Carl Wilhelm Hermann Nothnagel (/de/; 28 September 1841 – 7 July 1905) was a German internist, born in Alt-Lietzegöricke, near Bärwalde in der Neumark, Neumark, Brandenburg.

== Career ==
The son of a pharmacist, from 1858 to 1863 Nothnagel studied under Ludwig Traube (1818–1876) and Rudolf Virchow (1821–1902) at the University of Berlin. From 1865 to 1868 he was an assistant to Ernst Viktor von Leyden (1832–1910) at the University of Königsberg where, in 1866, he was habilitated for internal medicine. From 1868 to 1870 he worked as a military physician and lecturer in Berlin and later served in the same roles at Breslau (1870–72).

In 1872 he relocated to Freiburg and in 1874 was appointed full professor at the medical clinic in Jena. From 1882 until his death in 1905, he was a professor at the university clinic in Vienna. One of his better known students was Constantin von Economo (1876–1931). In 1879 he became a member of the Deutsche Akademie der Naturforscher Leopoldina.

In 1876 he described the irregular pulse associated with atrial fibrillation. At the time he referred to this finding as "delirium cordis". The eponymous "Nothnagel's syndrome" is named after him, a disorder characterized by ipsilateral oculomotor palsy and contralateral cerebellar ataxia.
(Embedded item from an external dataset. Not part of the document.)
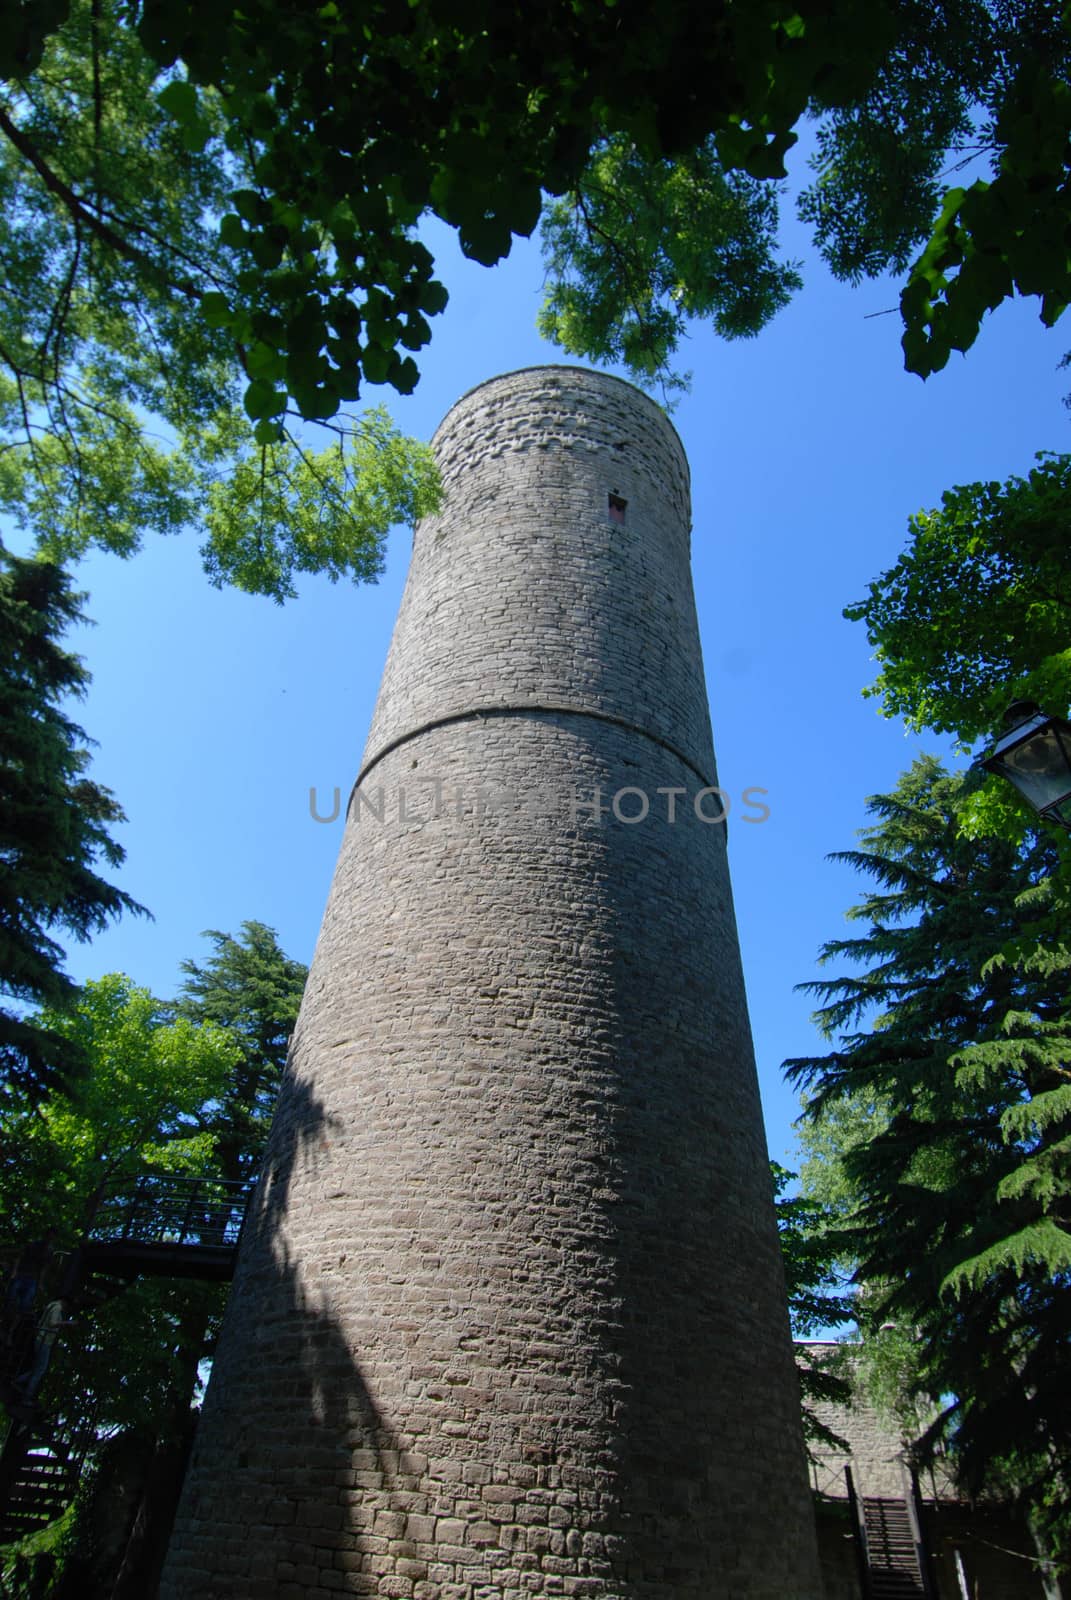 Tower of Roccaverano by cosca

He died in Vienna. He is interred at the Matzleinsdorf Protestant Cemetery (top middle vault, No. 109). In 1922 medical historian Max Neuburger published his biography with the title "Hermann Nothnagel, Leben und Wirken eines deutschen Klinikers".

== Published works ==
In collaboration with other physicians, Nothnagel published "Specielle Pathologie und Therapie", a comprehensive 24-volume handbook of medicine. Prior editions of this work were issued by Rudolf Virchow (from 1854 to 1876) and Hugo Wilhelm von Ziemssen (from 1875 to 1885) as "Handbuch der speciellen Pathologie und Therapie".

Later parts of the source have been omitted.